Shortly after the CDC's announcement on Thursday, grocery and retail chains including Walmart, Publix, and Costco said they would lift mask mandates for people who are vaccinated—despite having no way to determine who has or hasn't received a vaccine.
"There has been so much inequity in the vaccine rollout and racial inequity in who is a frontline worker put most at risk by this guidance. The impact of the CDC's guidance update will be felt disproportionately by workers of color and their families and communities," said NNU co-president Zenei Triunfo-Cortez.
NNU denounced the CDC for failing to "fully recognize" how the coronavirus is spread—through aerosol transmission—and called on officials to "prioritize measures that prevent and reduce aerosol transmission (ventilation, respiratory protection, testing to identify asymptomatic cases)."

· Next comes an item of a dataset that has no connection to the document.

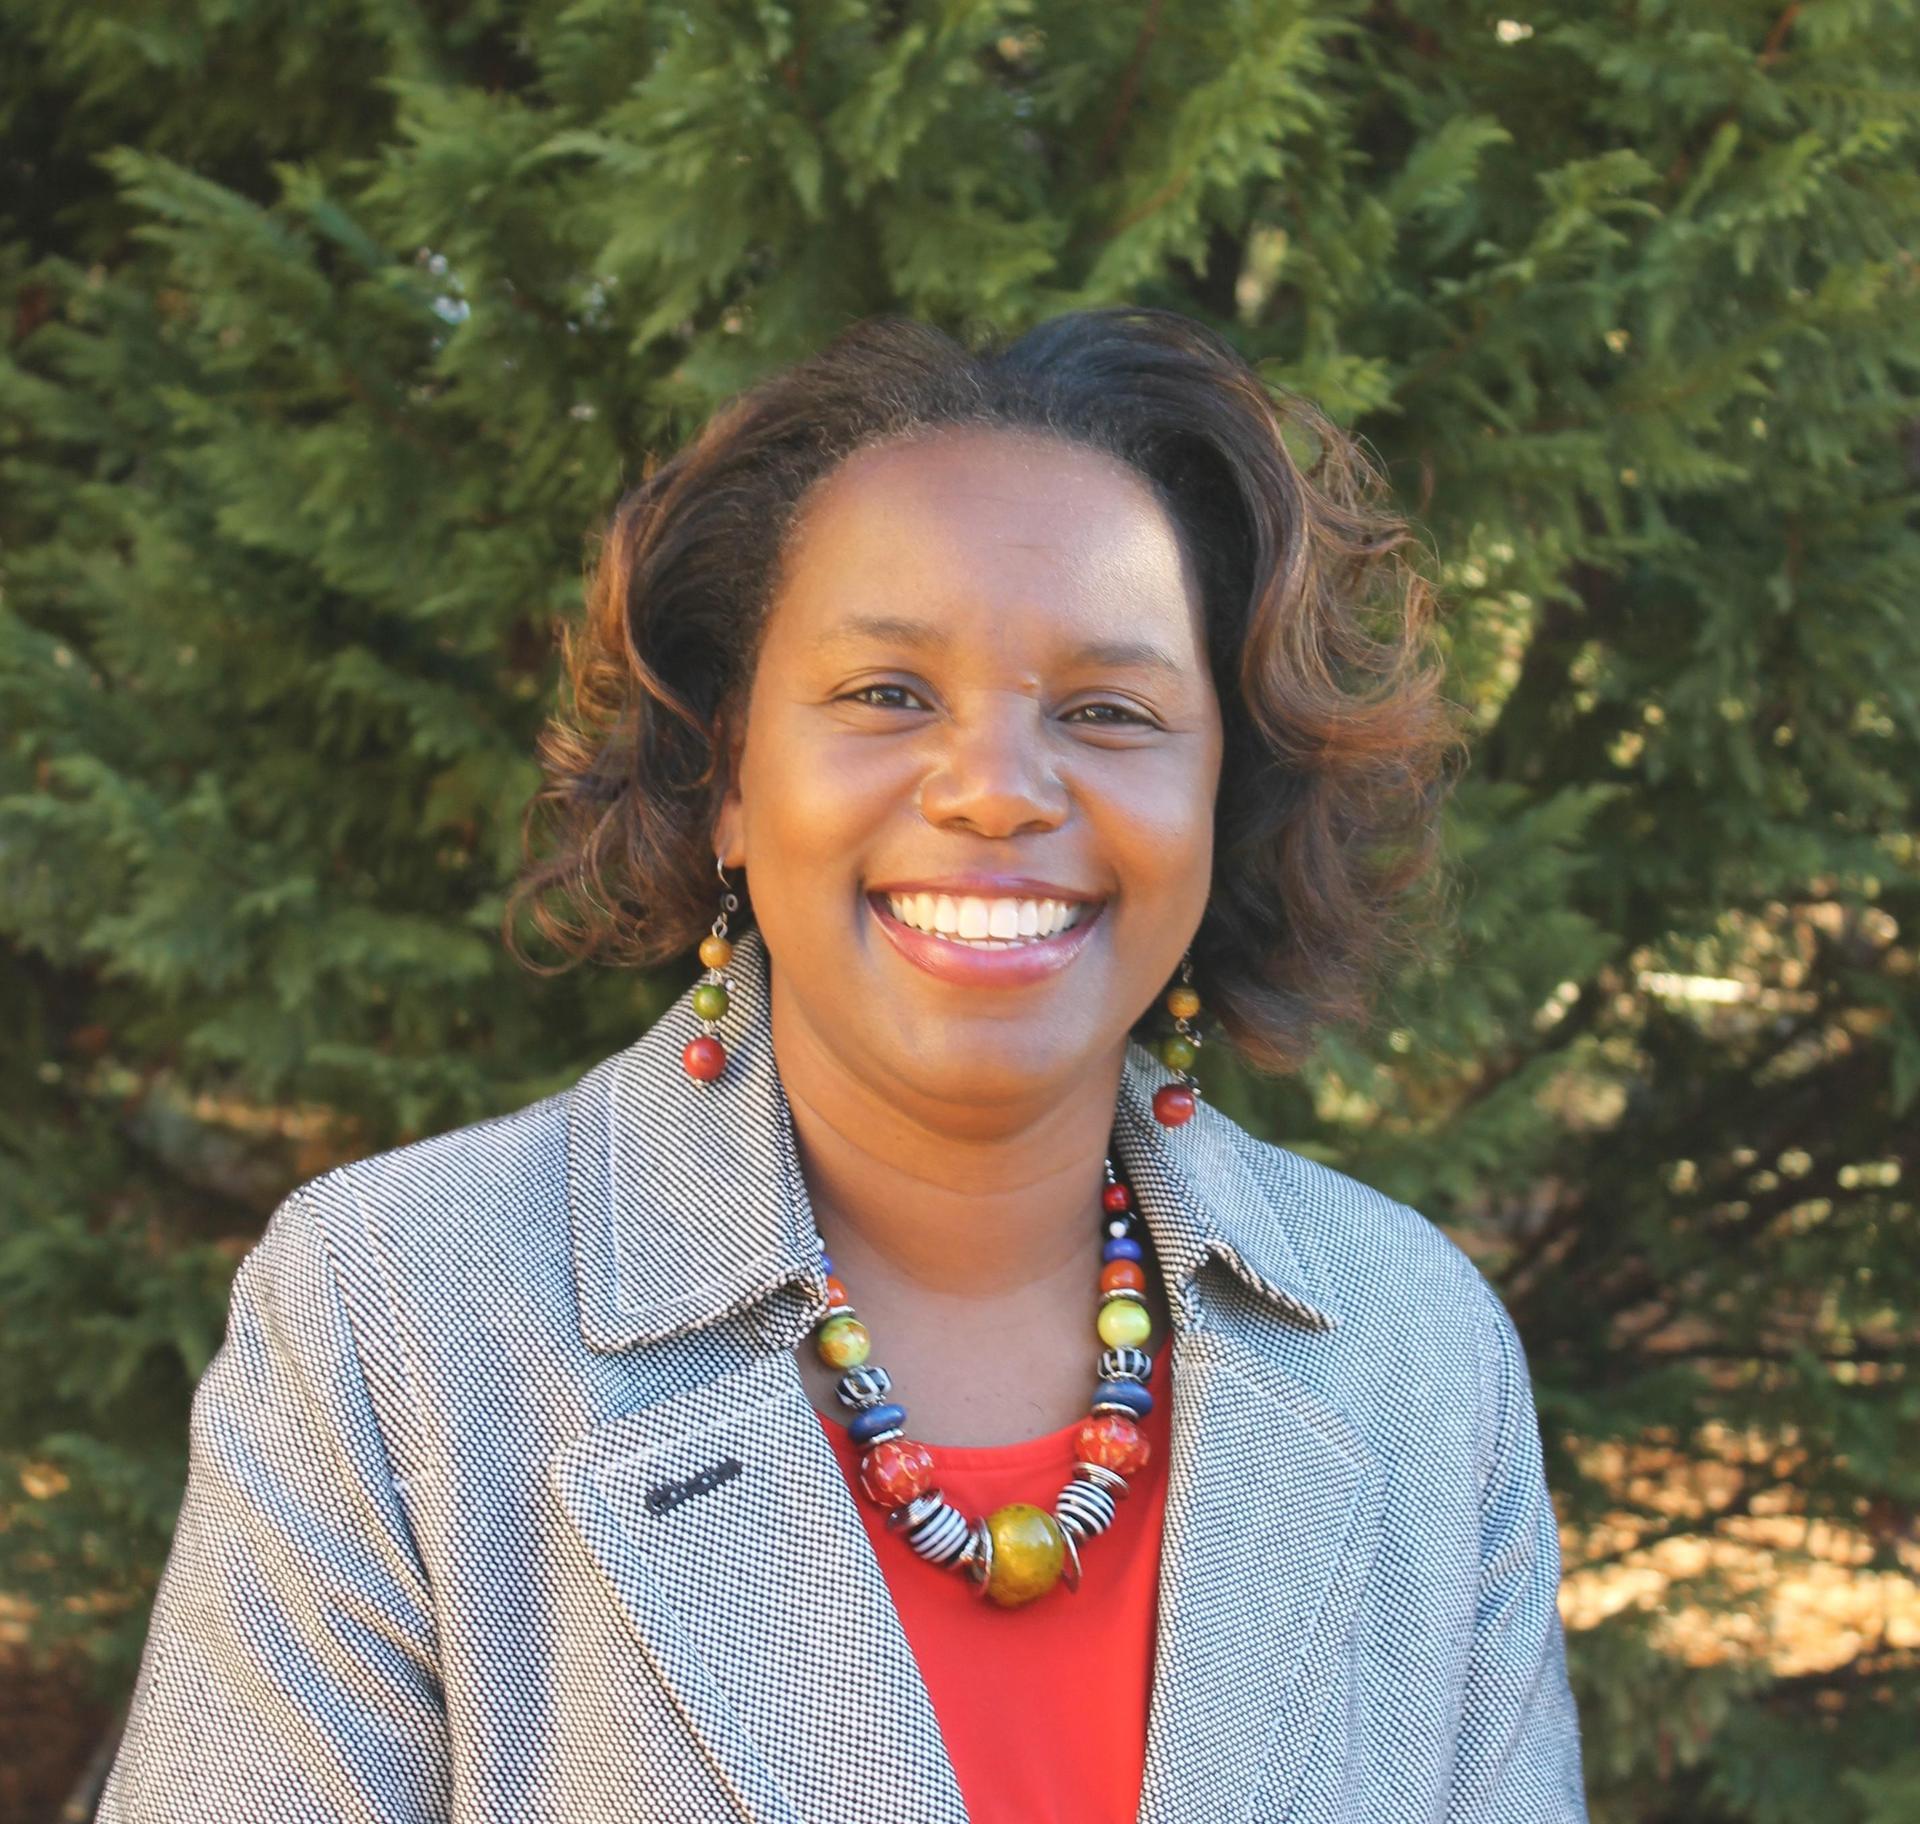 Headshot of Debra Tindall

Under the new guidance, the CDC said it will no longer ask people to get tested for Covid-19 or to quarantine after a known exposure if they are asymptomatic. The guidelines follow a shift in strategy earlier this month in which the agency is no longer tracking "breakthrough" infections—those that affect people who are fully vaccinated—unless they result in hospitalization or death.
"This means that the CDC is no longer tracking data necessary to understand whether vaccines prevent asymptomatic/mild infections, how long vaccine protection may last, and to understand how variants impact vaccine protection," said NNU.
The union noted that the guidance was released as "variants of concern" are circulating in the U.S. and around the world, leading to fears that the virus could become more transmissible. Last week the World Health Organization (WHO) designated B.1.617, which was first detected in India late last year, as a variant of global concern.
WHO is still studying the variant's transmissibility and the response of coronavirus antibodies in people who have been vaccinated.
"This pandemic is not over," said NNU co-president Deborah Burger. "Nurses follow the precautionary principle, which means that until we know for sure something is safe, we use the highest level of protections, not the lowest. The CDC is putting lives at risk with this latest guidance."
NNU was not alone in expressing alarm at the CDC's about-face. Last week the New York Times reported that hundreds of epidemiologists who have been interviewed by the newspaper recently about the precautions they've taken during the pandemic were surprised by the new guidance.
Out of 723 of the public health experts surveyed by the Times, 80% said they had expected Americans to be advised to continue masking in public indoor places for at least another year, while 88% said they believed people should still wear masks at large outdoor gatherings like concerts, even if they are vaccinated.
"Unless the vaccination rates increase to 80 or 90 percent over the next few months, we should wear masks in large public indoor settings," Vivian Towe, a program officer at the Patient-Centered Outcomes Research Institute, told the Times.
"Crowded circumstances, indoors or outdoors, necessitate a mask until community levels of Covid are much lower," Luther-King Fasehun, a doctor and an epidemiology Ph.D. student at Temple University, added.
Some public health experts, as well as the National Restaurant Association, also expressed alarm last week as the new guidance was released.
NNU released its statement days after holding a public memorial and demonstration in Washington, D.C., where members of the union displayed hundreds of pairs of shoes to represent the more than 400 nurses who have died of Covid-19. The group also used the event to call on OSHA to issue an ETS to protect frontline workers.